We conclu­de­ren dat er veel digitaal erfgoed beschik­baar is en dat de digita­li­se­rings­graad (het percen­ta­ge van collec­ties dat digitaal beschik­baar is) op nationaal niveau toeneemt. Van de erfgoed­or­ga­ni­sa­ties die hebben gereageerd op de online enquête geeft 30% aan dat meer dan de helft van hun collec­ties digitaal beschik­baar is. 3% geeft zelfs aan dat hun collec­ties volledig digitaal beschik­baar zijn. Meer dan de helft (57%) geeft aan dat een kwart of minder van hun collec­tie digitaal beschik­baar is gemaakt en 14% biedt hun collec­tie nog helemaal niet digitaal aan. De digita­li­se­rings­graad hangt daarbij in sterke mate samen met organi­sa­tie­groot­te.

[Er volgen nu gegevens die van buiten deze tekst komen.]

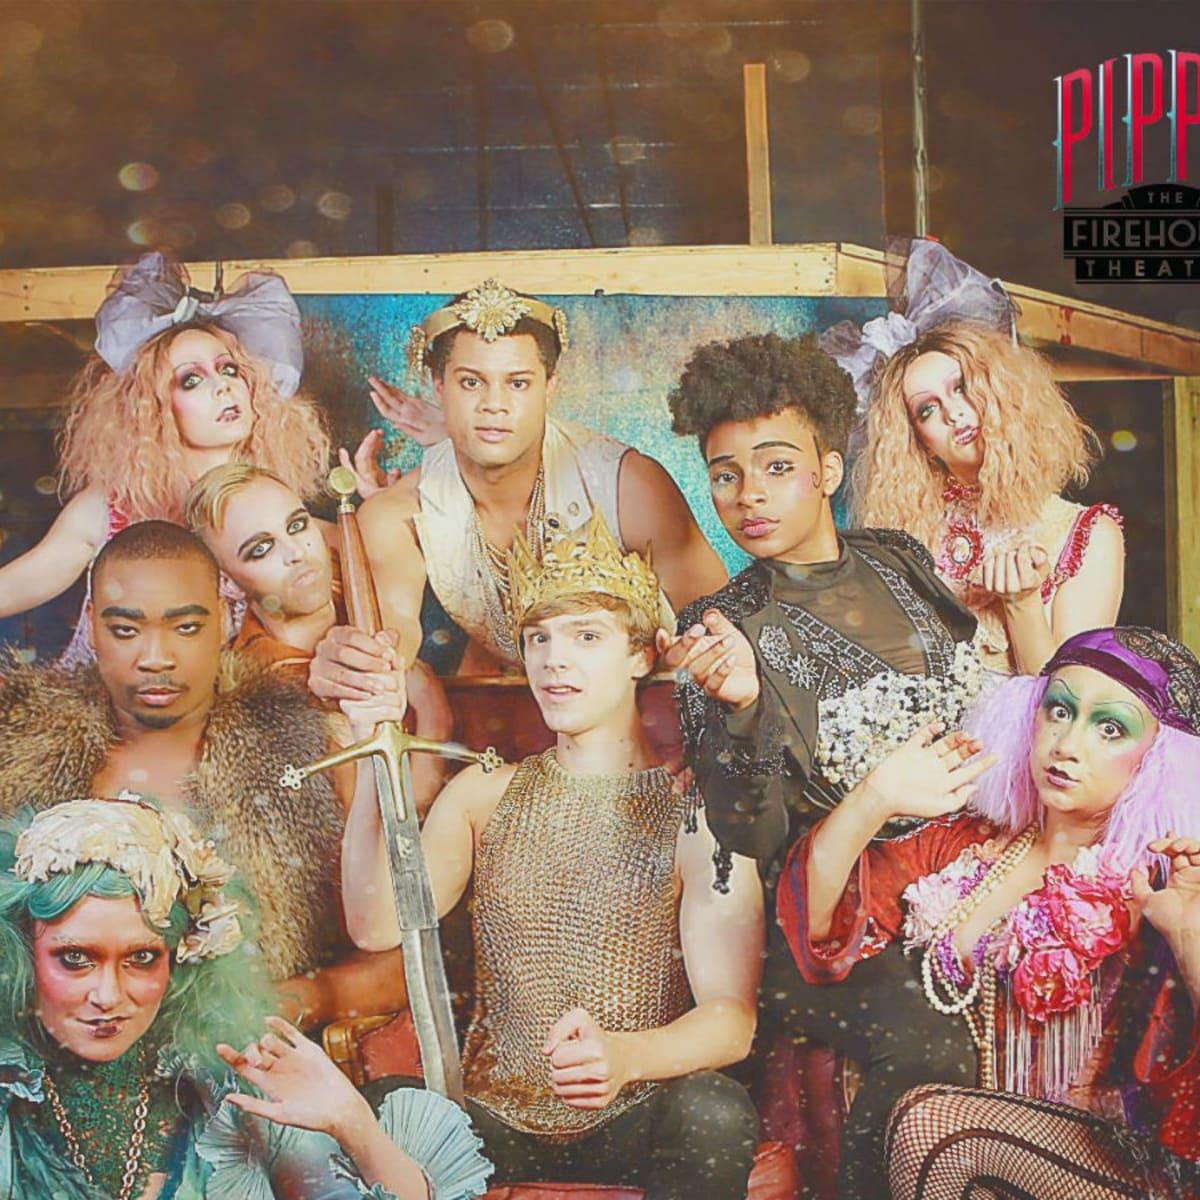 Firehouse Theatre presents Pippin

We zien ook veel gebruik van het digitaal erfgoed. De beleids­doel­stel­ling om 90% van alle Nederlan­ders digitaal te bereiken met erfgoed wordt behaald voor Nederlan­ders die geïnte­res­seerd zijn in erfgoed (90%) en ligt net boven het huidige bereik onder alle Nederlan­ders (87%). Het is lastig te bepalen of de beleids­doel­stel­ling van 30% partici­pa­tief gebruik wordt behaald, doordat niet helemaal duidelijk is wat wordt verstaan onder actief en/​of partici­pa­tief gebruik. Op basis van de enquête onder het algemeen publiek lijkt de doelstel­ling nog niet behaald te worden (12%), hoewel het onder jongvol­was­se­nen dichtbij komt (26%). Bovendien ervaart een flinke meerder­heid (71%) van het publiek dat digitaal erfgoed gebruikt een effect hiervan, wat lijkt te duiden op meer dan enkel passief gebruik.

Ten slotte conclu­de­ren we dat het van belang is om aandacht te besteden aan belemme­rin­gen voor digita­li­se­ring en hoe OCW ook na afloop van de Intensi­ve­ring hieraan tegemoet kan komen. Concre­te aandachts­pun­ten voor het beleid hierbij zijn:

  1. (Structu­re­le) financie­ring van digita­li­se­rings­in­span­nin­gen.
  2. Aanslui­ting van kleine­re erfgoed­or­ga­ni­sa­ties.
  3. Coördi­na­tie tussen (kleine­re) erfgoed­or­ga­ni­sa­ties en marktpar­tij­en (indien hieraan behoef­te ontstaat).
  4. Duurza­me opslag en ontslui­ting van born-digital erfgoed.
  5. Balans tussen meer kwanti­ta­tie­ve ontslui­ting van erfgoed als data en kwalita­tie­ve ontslui­ting voor (met name) het algemeen publiek.
  6. Scherper defini­ë­ren van actief en/​of partici­pa­tief gebruik en aandacht voor effecten van inspan­nin­gen op beschik­baar­heid, toegan­ke­lijk­heid en vindbaar­heid die niet direct leiden tot een kwanti­ta­tie­ve toename van (partici­pa­tief) gebruik.